Things to Consider While Creating Your Workout Plan

To make one, you’ll have to consider your fitness goals, skill level, availability, physical or medical limitations (if any) and then narrow down the types of exercises to include in your plan. Here’s a breakdown of some of the primary aspects to consider before you make a balanced workout plan.

Goal

One of the most important things to consider while creating your plan is what you want to achieve. It can be any of the following:

  • If the goal is to build muscle - focus mostly on resistance training and add in one day of cardio or HIIT training to increase your cardiovascular endurance.
  • When the goal is to lose fat/ weight, often the immediate approach taken is to perform a lot of cardio based workouts, but there should be some focus on building muscle too. For that, you need to include a good mix of resistance/weight training and also cardio or HIIT based workouts.
  • If you’re someone who has been active and wishes to continue being so, focus on different aspects of fitness, like strength, cardio, mobility, flexibility, core strength, etc.
  • If you have a specific goal in mind (like to get 10 pushups in one go or to be able to run a 5k or maybe perform a pistol squat with ease), then you can look at adding skill specific exercises too.

Time Available

While creating a workout plan, you have to ask yourself the following questions:

  • How many days a week can you really set aside time to work out?  
  • Will you be able to commit to particular days or will that fluctuate?
  • What days’ work best?
  • What time of day works best for you?

It’s also important to not over stress the body and have active recovery/rest days planned too.Pro Tip: If you are just starting your fitness journey, 3 days a week would be a good start. You can eventually increase the frequency. Often doing too much too fast could not be a good thing. If you are an active individual, 4-5 days of workout a week would be ideal.

Rest Days

Rest days are important for recovery, increasing performance and to avoid fatigue. There is constant wear and tear in the muscles during workout, and when you rest is when the body is able to repair these cells. It also helps the cells to grow and get stronger. Skipping rest days can lead to overtraining and burnout. Creating a workout plan is a great way to avoid that. According to Spoorthi, our in-house expert, if you typically workout 5-6 days a week, day 3 and/or 7 would be a good time to rest it out and give your body time to recover.If you over push and over exert, the body tends to give up. And, over time, it can lead to injuries. Over training can also lead to ‘overuse injuries’ in the body. A rest day does not necessarily mean you do nothing. You can choose to do low-intensity/low-impact exercises like stretching, taking a walk, yoga or maybe even dance it out. Additionally, you can set aside a day for active recovery too!

Preferences

There is no one-size-fits-all strategy when it comes to choosing your workouts. Getting a workout done shouldn’t seem like a chore. Whether it’s the time of day you choose to devote to exercise or the kind of exercise or even your recovery days - you should be able to identify what your preferences are and then plan around it. For instance, if you like dancing, make sure to include it in your cardio.

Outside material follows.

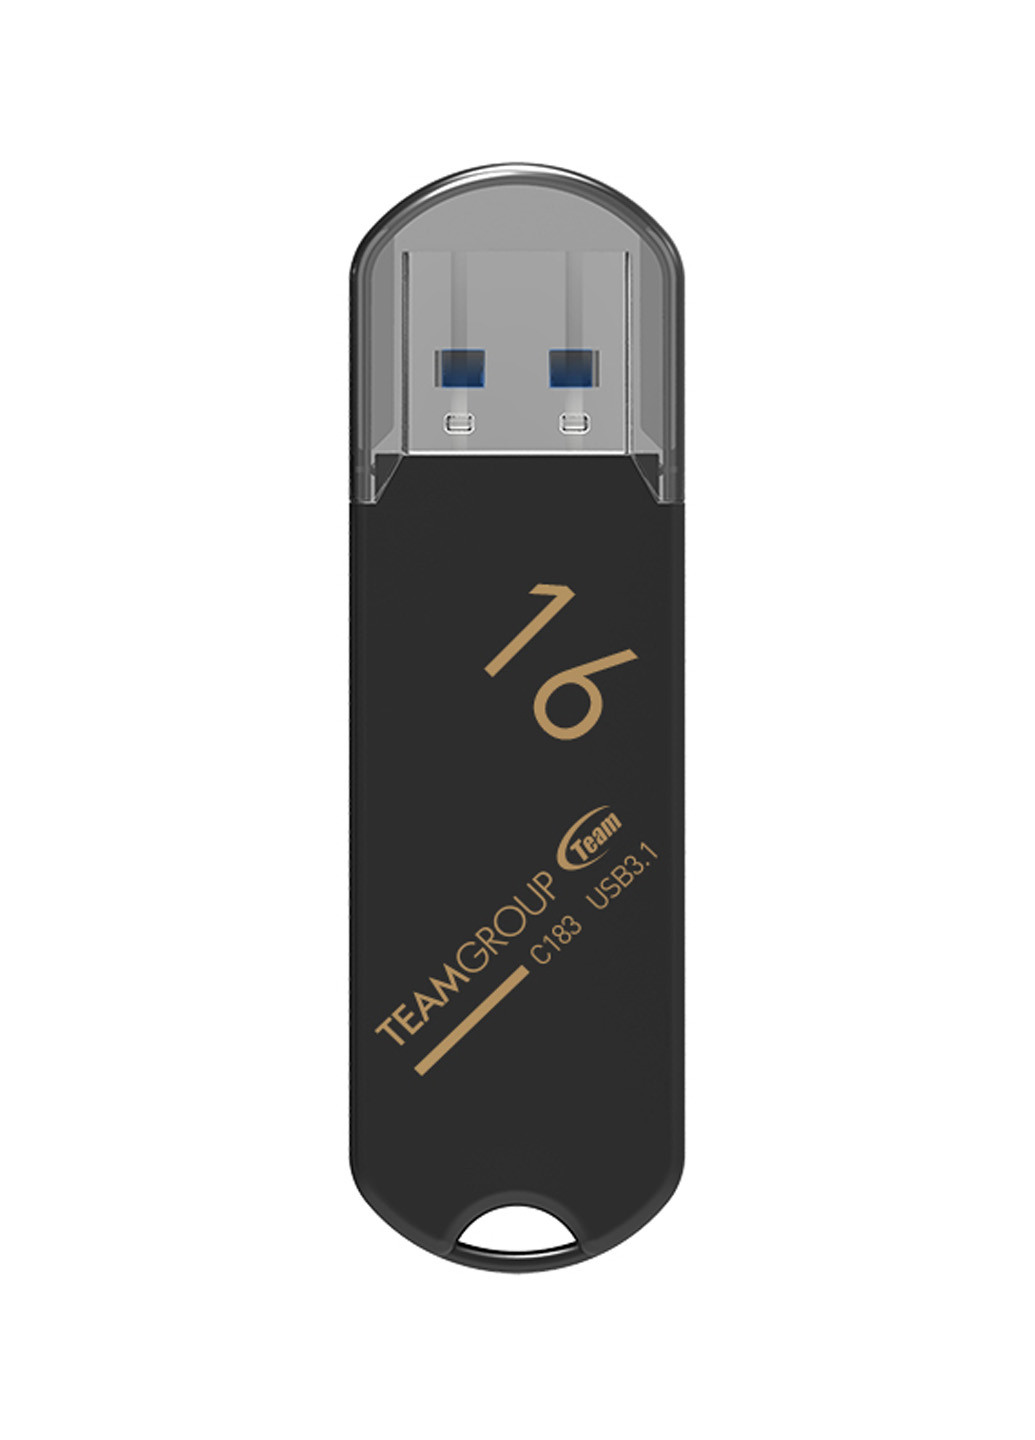 Флеш пам'ять USB C183 16GB Black (TC183316GB01) Team флеш память usb team c183 16gb black (tc183316gb01) (134201706)

If you like weight training, you can include it during your strength sessions or even some weight based HIIT workouts. If yoga is your thing, you can do that instead on the active recovery days. But, at the same time, be open to changing things up every now and then, so you can venture out of your comfort zone and challenge yourself.

Injuries And Limitations

Even if you’ve never actually injured yourself while exercising, you still need to consider injuries when creating a workout plan. It also becomes necessary if you are including exercises that you aren’t familiar with or that have a higher risk of causing injury. Ask yourself the following:

  • Have you been injured before, from a sport or from working out or something else?
  • Do you have any physical limitations because of this injury?
  • Is there anything you can do to prevent it from happening again?
  • Do you need to consult a doctor before picking up a certain form of exercise?

Choice Of Workouts

Whether your goal is to lose weight, build muscle, get in shape, tone up, get healthy, get ready for a marathon or all of the above, these are the three main components to any form of exercise – cardio, flexibility training and weight training. If you are unclear of what workouts you should choose, here’s some information that should help:

  • S&C & HRX are both great examples for strength/resistance training. The key difference between both being that S&C focuses on full body workouts and helps in increasing muscular and cardiovascular endurance whereas in HRX, we work on specific muscle groups which helps in hypertrophy and build muscular strength and endurance.
  • Boxing & Dance Fitness Workouts are known to be great sources of cardio and help you burn calories while having fun
  • Yoga can be great to improve your flexibility and also core strength
  • You can include other sessions like Walk fitness, LIT or Stretch on your recovery days.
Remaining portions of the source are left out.